4 Tips to Ensure Your Retail Site is Optimized For 2021's ‘Intelligent Store’

One of the greatest lessons we learned from 2020 was that the COVID-19 lockdown changed the way we live and how we shop. Throughout 2020, the move to digital shopping has accelerated and expanded into categories such as groceries, sporting goods and home improvement.
Consumers under lockdown spent more time online, researching and shopping. While e-commerce revenues surged overall, economic uncertainty is shifting demand to essentials, typically lower-margin products and categories.
The increase in e-commerce activity created a demand for hyper-personalized digital shopping experiences driven by AI technologies. As these technologies gained a stronger hold, they will shape how we can reinvent retail stores in 2021.
One concept that came to light in 2020 we can expect to continue over the next 12 months is that of the “intelligent store.” According to Gartner’s Emerging Technologies and Trends Impact Radar: Artificial Intelligence in Retail report, the COVID-19 pandemic has altered consumer behavior, shopping and purchase patterns, exposing fundamental weaknesses in retailers’ business processes and technology infrastructure.
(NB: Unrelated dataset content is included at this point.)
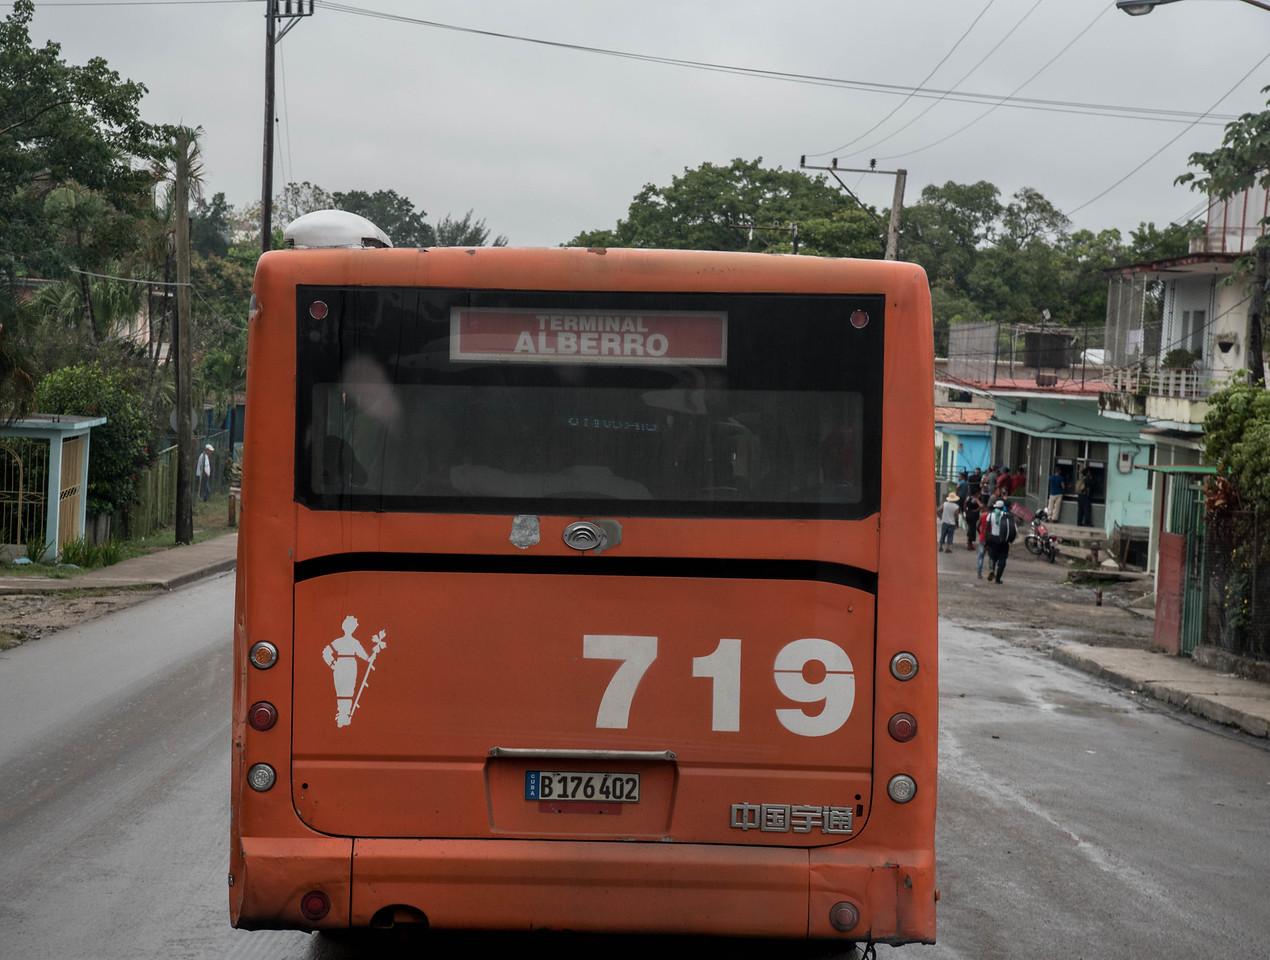 Behind a bus

The convergence of emerging AI technologies with IoT and 5G will enable the “intelligent store” to play a compelling and differentiating role in unified commerce.
However, the report also states that emerging AI technologies (e.g., edge AI, smart robots, machine learning, cloud AI developer services, and AI business and technology services) will fail to deliver significant improvements to retail processes unless retailers come to grips with legacy processes, talent gaps and non-collaborative cultures.
To create an intelligent store, retailers should prioritize AI technologies and algorithmic techniques based on their retail ecosystem and roadmap. For short-term (within a year) AI planning, use machine learning, and AI business and technology services. To overcome barriers to adoption, the retailer should use a modular approach to incorporate AI capabilities, focusing on selective use cases and processes. Such an approach will allow one to demonstrate value in a line of business before rolling out across the retail ecosystem.
Increasing spend on AI technologies, or hyper-personalization, to provide a superior online shopping experience is a good investment as e-commerce surged in 2020 and will most likely continue to grow in 2021. A recent Researchscape International study found that marketers overwhelmingly agree (99%) that personalization helps advance customer relationships, with 78% claiming it has a “strong” or “extremely strong” impact.
And 92% state that their customers and prospects expect a personalized experience (up from 85% last year). When asked what drives personalization within their organizations, marketers cite delivering better customer experiences (89%), increasing loyalty (61%) and generating measurable lift/ROI (59%) as top motivating factors.
E-commerce will no doubt continue to shift to a greater demand for hyper-personalized experiences, which includes providing the shopper with an omnichannel experience. Here are some tips to ensure that your site is optimized for personalization to increase sales and customer loyalty.
1. You have to provide an engaging, in-the-moment, 1:1 shopping experience. If you are out of a product, tell them, and be able to offer an appealing, alternative product instantly. If you can let them know when the product they seek will be available again, so much the better.
2. Ensure you are offering products and services that contextually relate to the consumer’s needs, incorporating factors such as relative geo-location, events and weather. Who are they, where are they, and when are they shopping must be factored in instantly.
Let’s say a consumer residing in Miami is price-conscious, and it’s March. A retailer would offer warm-weather clothing displayed from low-price to high. But if the consumer travels to Denver in that same month and browses the site, the retailer should offer the consumer cold-weather gear instead that is readily available in inventory so it can be shipped right away.
3. Follow consumers across all channels and provide the most updated information so you can stay engaged and relevant. Multiple devices are still in use even though we’re staying home. People may start browsing for an item using their laptops during the day and move to a tablet and/or mobile phone in the evening to finish their purchase. It’s our job to follow them from device to device to ensure a seamless shopping experience.
4. Scale your personalization efforts. Consumers can detect when they receive mass personalized engagement such as those based on pre-defined, static segments. Retailers need to recognize that consumers have become much more digitally savvy and want to be understood and engaged in a more personable way that respects their needs, likes and preferences.
However, creating and maintaining a large number of static segments is not scalable. Scaling requires AI to create dynamic segments based on triggered activities, consumer demographics, historical and in-the-moment behavior. Dynamic segments are critical to providing a timely, relevant and helpful experience that your consumers value.
Retailers who invest in AI technologies that create superior online shopping experiences while focusing on leveraging technologies to create intelligent stores will reap the rewards. Those who don’t will struggle as digital transactions become the core of the consumer’s shopping habits across many industries.
Debjani Deb is co-founder and CEO of ZineOne, a provider of AI-powered personalization platform. She leads the execution of ZineOne’s vision and is responsible for the overall company performance. Previously, she was the co-founder of EmPower which was sold to Genpact and the Worldwide CSO at GCI, a WPP company. She has also worked at Booz Allen Hamilton, ONI systems, Mayan Networks and AT&T Bell Labs.